Even in 1999 when my family went to the navy base, the NAACP was boycotting South Carolina because its government statehouse dome still hung the Confederate flag. Racism was still very much alive and the rest of the country was still trying to accept the fact that blacks should be treated equally. 2007 just marked the 40th year anniversary of interracial marriages. Before 1967 Whites and Blacks were not legally allowed to marry in certain states. Citizens would be banned from states if they chose to be married in a state that would not allow it, forcing them to leave their family and friends and move elsewhere. My father and his peers were born during this time frame so for the families at the navy base to see a white man with black children come as a family it may have still been an unusual situation for the other white families, and for black families as well.
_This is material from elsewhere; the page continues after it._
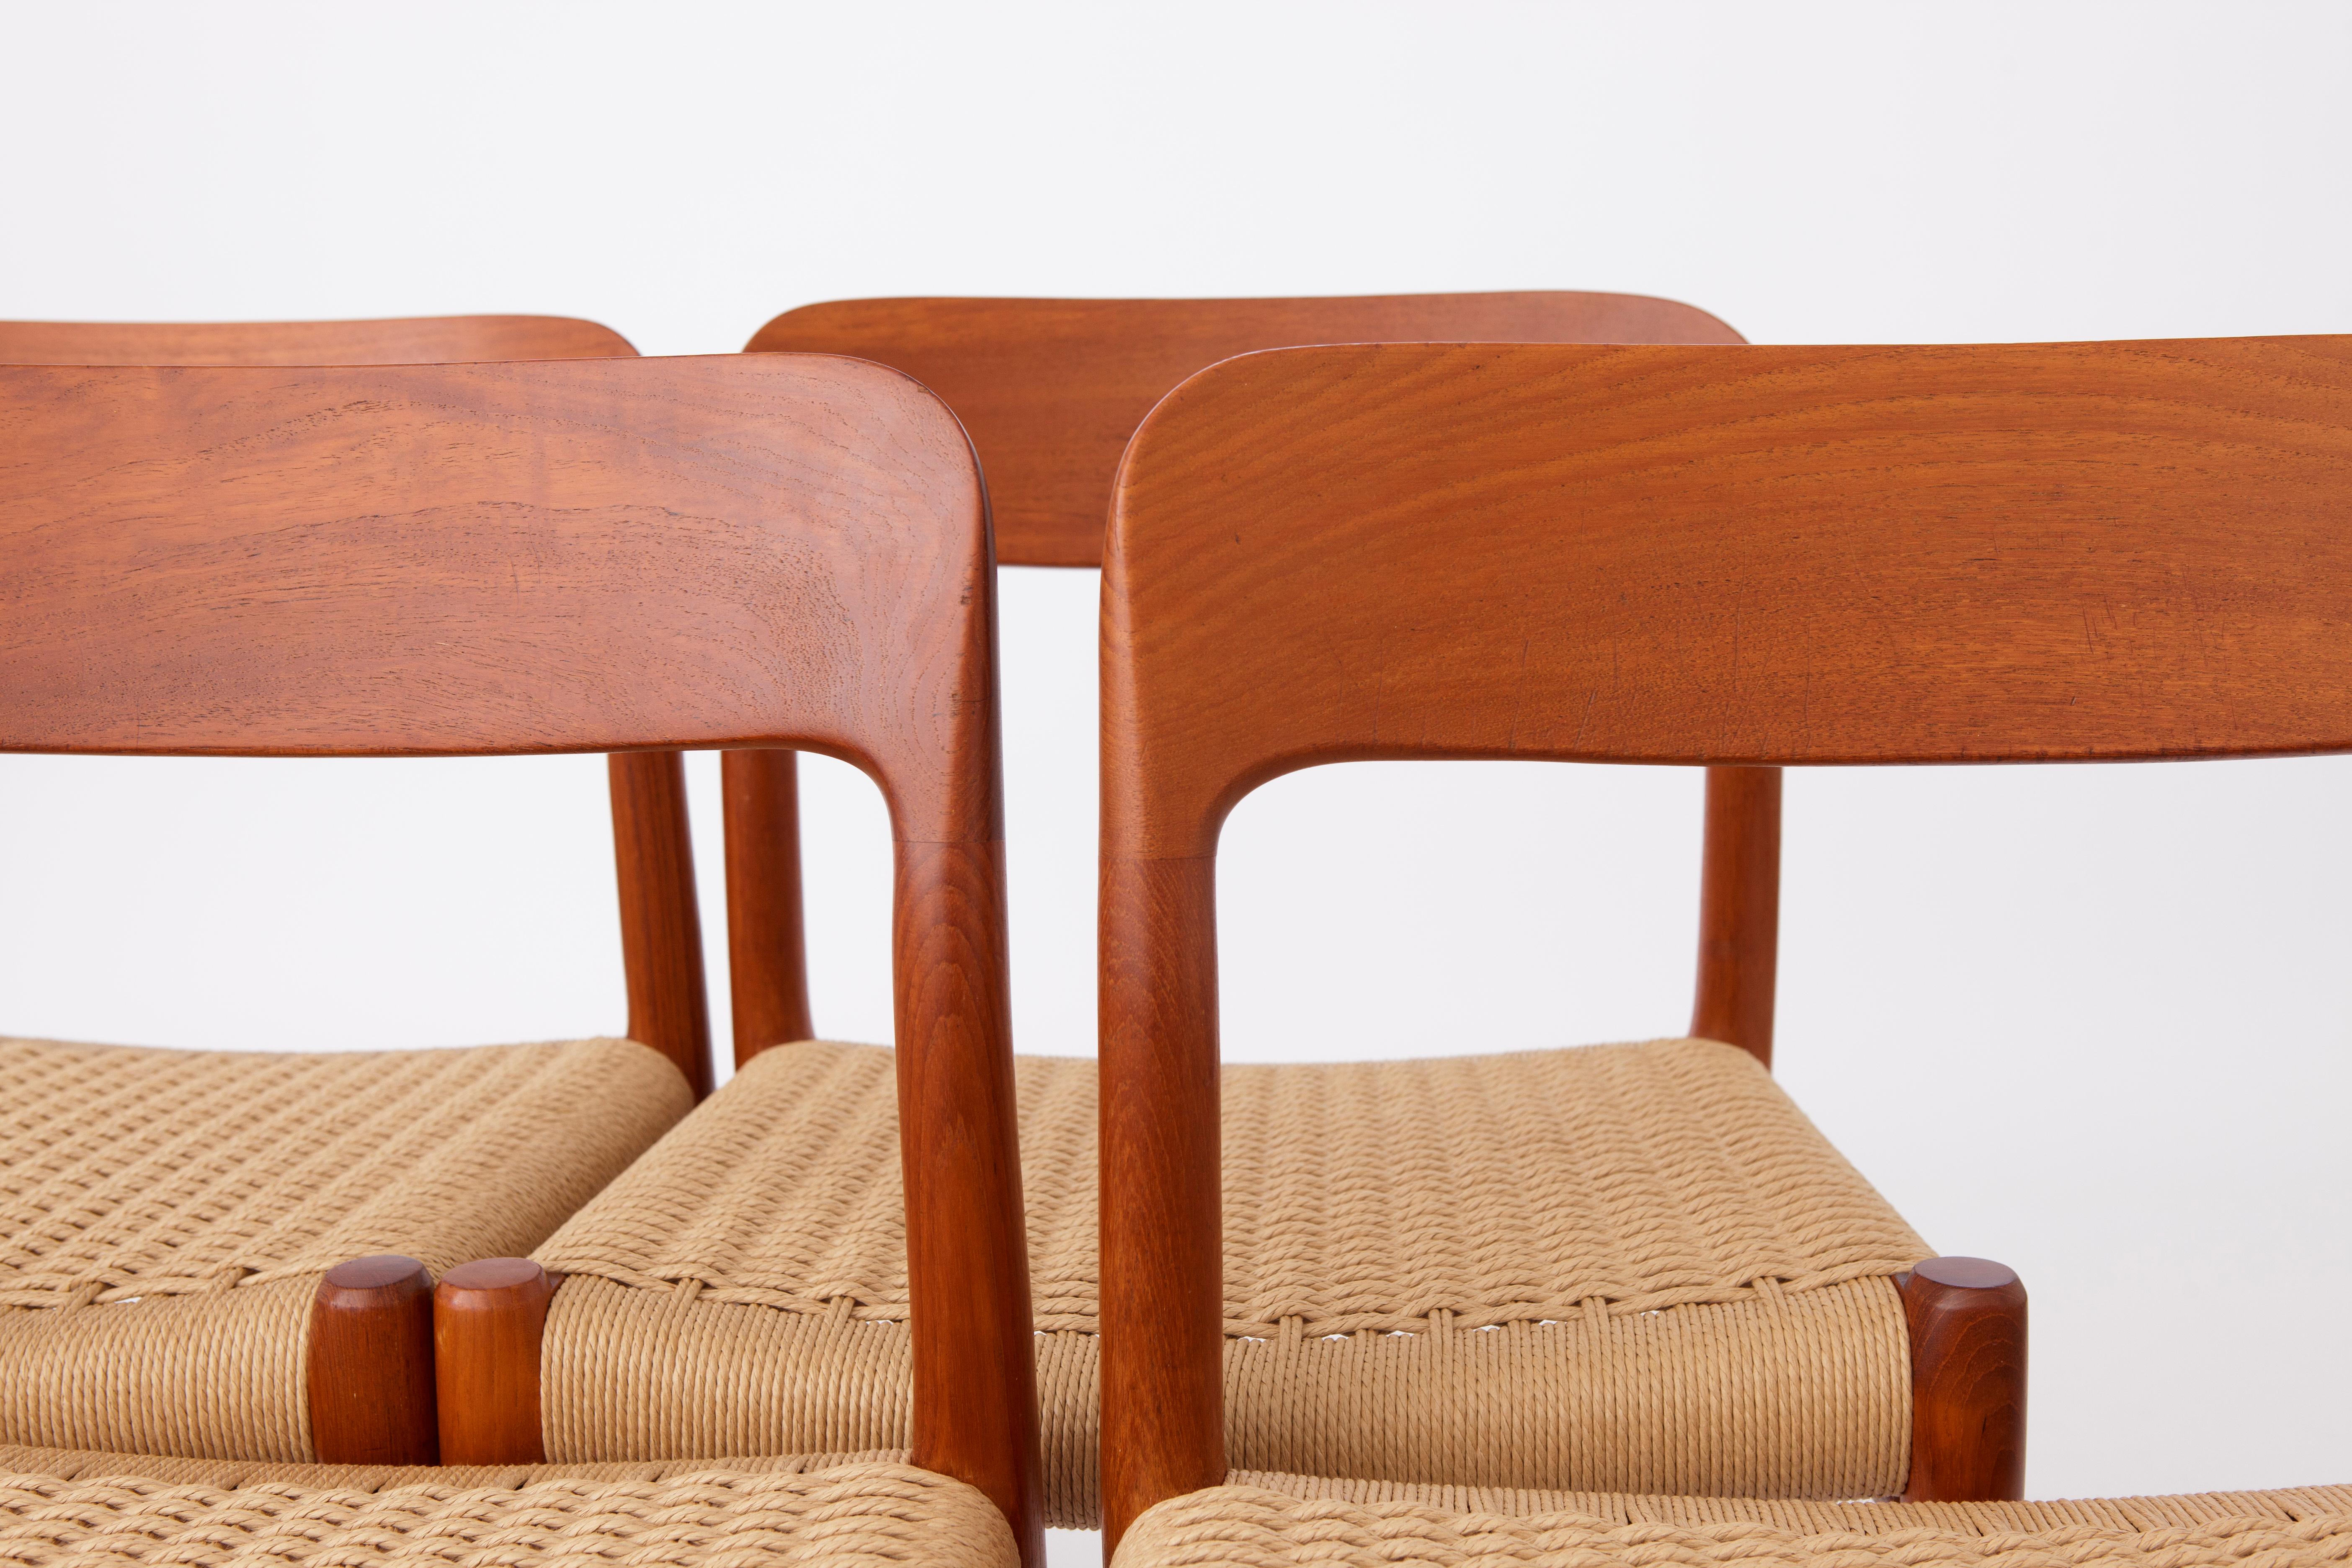 4 Niels Moller Midcentury Teak Dining Chairs with Papercord Seats, Danish In Excellent Condition For Sale In Hannover, DE

Getting asked a lot of questions at school by my own peers was difficult for me but now I better understand the history of race relations during that time. Even though it now has become more common to see interracial families, in the black community it is still frowned on to see a white man dating a black woman and vice versa. In 2008 when Barack Obama got elected as President of the United States, in the black community not only was it monumental and life changing to see a black man become president but it also meant a great deal to see a black woman as the first lady and a whole black family in the White House. As a child I couldn’t have even imagined that. Now even in my early adult years, it still seems unreal. That just shows how much our country is growing as one and now black and white boundaries are becoming more transparent. There are no longer things that blacks are not allowed to do because of their skin color; it may still be more difficult for a black person versus a white person but at least it is possible. Michael Jackson’s song of “Black and White” is a perfect example of how people are slowly starting to view the world. Skin color shouldn’t matter.
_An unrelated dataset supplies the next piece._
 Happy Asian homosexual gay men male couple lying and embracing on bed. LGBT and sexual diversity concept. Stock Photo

Even though discrimination was not uncommon at the time of my incident it still should not be accepted. I personally don’t think it will ever completely go away and be as Michael Jackson envisioned in his song because the history is so entrenched in our everyday lives, it makes it hard to forgot about the past. The best thing to do is learn to understand one another and don’t look at differences as a negative thing but an opportunity to learn something new.